So... a comment in the "does the pen make the man/woman" thread made me want to bring this up. I did this years ago on acpp and it resulted in flame wars. :P

But my question is this - in your experience, have you seen mostly men or women who either used FPs or recognized your FP? What do you think the split is in the general population. Let's say Western population because use in many Eastern populations is still common in primary schools.

My husband is sort of a "Real Men Don't Eat Quiche" guy. Not to the extreme of being a crotch-scratching, spitting, Neanderthal. But nonetheless, you'll never see him wearing a pink dress shirt or shoes that are anything other than black or white.
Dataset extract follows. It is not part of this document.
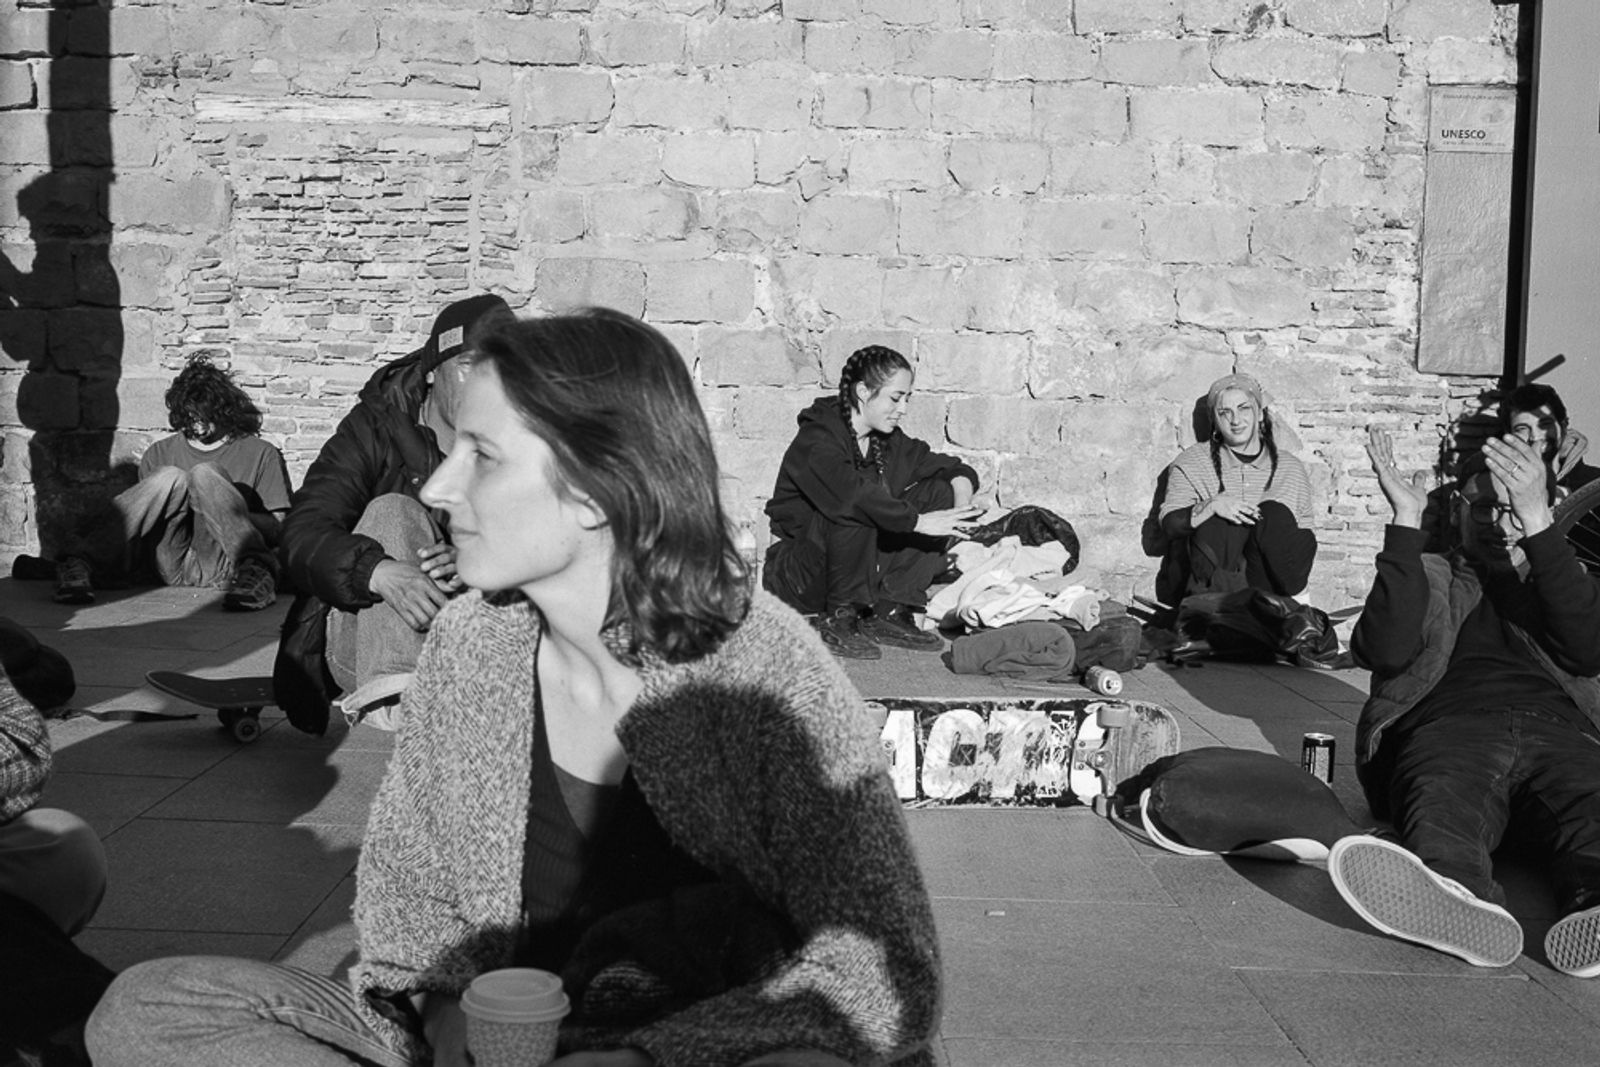 © Gloria Salgado Gispert - Image from the Barcelona un dia d'hivern photography project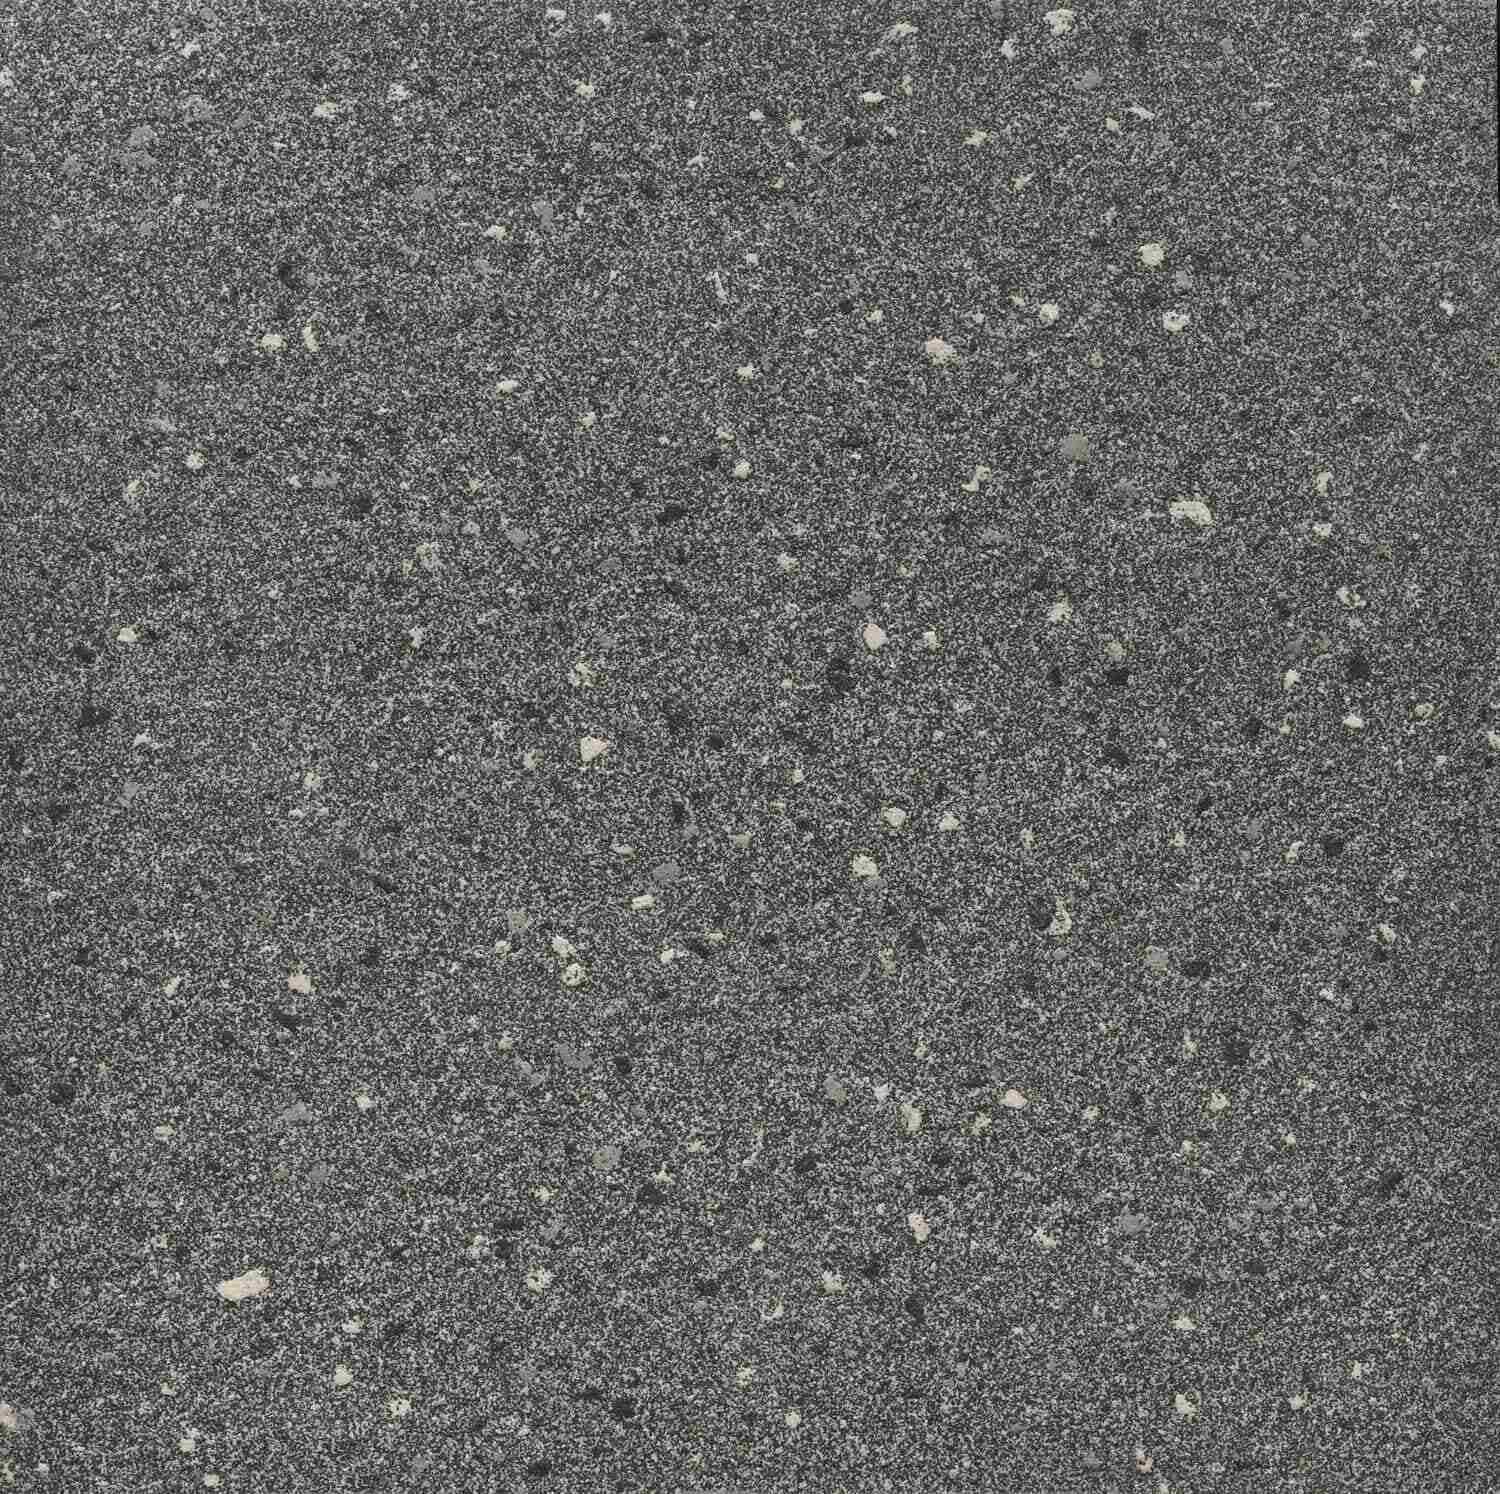 Dorset Woolliscroft Pebbled Aggregate Dark Grey Slip Resistant Quarry Tile 300x300mm

He's Dockers and short-sleeved oxfords all the way. So, his impression is that only "phoofey" men use FPs and that it's mostly women who are interested in them. He doesn't frequent any of these boards and see the conflict in that opinion, his opinion is solely based on that bit of prejudice against "phoofey" (and I don't mean gay) men. Metrosexuals I suppose is a good description of how he perceives men who use FPs. Of course, a pen show would quickly dispel that. In fact, a lot of the faces I've seen in pen show pics, remind me of him!

He sees that in my family it is all the females who are fascinated by writing instruments of all sorts (conveniently ignoring my brother who is on the constant search for the perfect notepad and the perfect mechanical pencil and who is anything but a metrosexual.) Therefore, if it's just myself, my daughter, mum and sister who yammer on about pens all the time with my father (another non-pink guy) sitting on the fringes shaking his head and watching the football game, then it must be mostly women in Western society who have an interest in FPs.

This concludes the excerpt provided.